Voilà longtemps que nous dénonçons la dérive antidémocratique de la vie politique nationale et, encore plus, européenne. La mise en avant des questions d’assistants parlementaires n’exprime-t-elle pas finalement la volonté de donner un vernis moral à une catastrophe démocratique ?
C’est pourquoi, dans le brouhaha des motions de censure, il nous a paru utile de dire au moins de quoi il s’agit et quelles sont les règles utilisées. Sait-on toujours qui sont les assistants parlementaires ? A quoi sont-ils censé servir ? De qui dépendent-ils et qui les contrôle ?
Au travers de ces interrogations tant juridiques qu’institutionnelles émerge naturellement la question de la démocratie représentative. Les représentants du peuple représentent-ils encore le peuple ? Qu’est-ce que la démocratie en France alors que le droit européen prime sur le droit national (voir https://www.pouruneconstituante.fr/spip.php?article2250 ) ?
Les assistants parlementaires
Selon le site de l’Assemblée nationale, « La création de la fonction d’assistant parlementaire (ou de collaborateur de député) remonte à 1975. Elle constitue, d’une certaine manière, l’aboutissement d’un long processus répondant aux souhaits des députés de disposer, à côté de leur indemnité parlementaire, de moyens humains et matériels leur permettant de faire face aux diverses charges de leur mandat et venant renforcer ceux qui avaient déjà été accordés collectivement aux groupes politiques et complémentaires de ceux fournis par l’administration ».
Dans les années 1980, le lien entre les députés et leurs groupes parlementaires était tel que le groupe socialiste dont j’étais membre prélevait sur chaque député une part de contrat d’assistant. Ainsi un assistant du député X, lié à celui-ci par contrat, pouvait-il être au service du groupe politique sans que X le connaisse réellement.

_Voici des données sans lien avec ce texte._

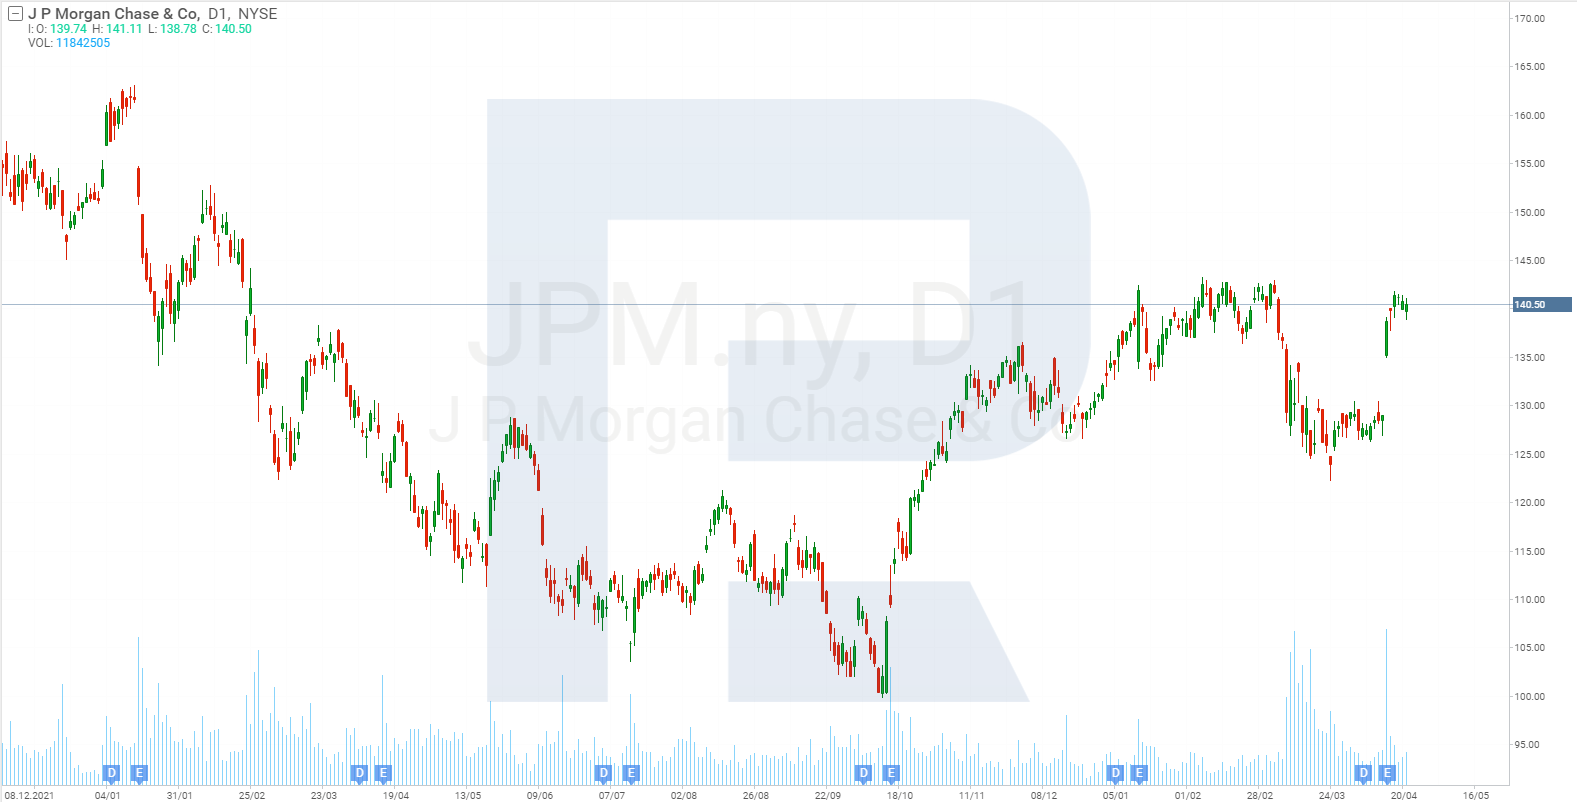 JPMorgan Chase & Co. stock chart

La question des assistants parlementaires semblait alors assez consensuelle. Ainsi Laurent Fabius, Président de l’Assemblée nationale, avait créé un troisième poste d’assistant pour les députés. Marie-Françoise Clergeau, ancienne questeure de l’Assemblée nationale, dans un article du Monde du 10 avril 2018, explique de son côté : « On aurait grand tort de croire qu’il s’agit là d’une question subalterne pour la démocratie. Accorder davantage de moyens aux collaborateurs, c’est doter les parlementaires eux-mêmes de davantage de pouvoirs. A une époque où il est malheureusement question de réduire significativement le nombre de députés et de sénateurs, la revalorisation du poids des équipes politiques de nos représentants est politiquement existentielle en termes de souveraineté, de dignité et d’exemplarité parlementaires ».
Si Marie-Françoise Clergeau a raison d’insister sur les besoins de souveraineté, de dignité et d’exemplarité parlementaires, elle ne définit pas qui est le porteur de ces vertus. Qu’est-ce que les « équipes politiques » ? S’agit-il de l’élu isolé ou du membre d’un groupe parlementaire et d’un parti ? Dans la démocratie dite moderne, la personnalité de l’élu s’estompe au bénéfice de son parti. Qui juge alors, et comment, du travail de l’assistant parlementaire ? Le parti ? L’élu ? L’électeur ? Juger les parlementaires, sans évoquer le fonctionnement global des institutions, sans mettre en cause les partis politiques, est alors hors sol.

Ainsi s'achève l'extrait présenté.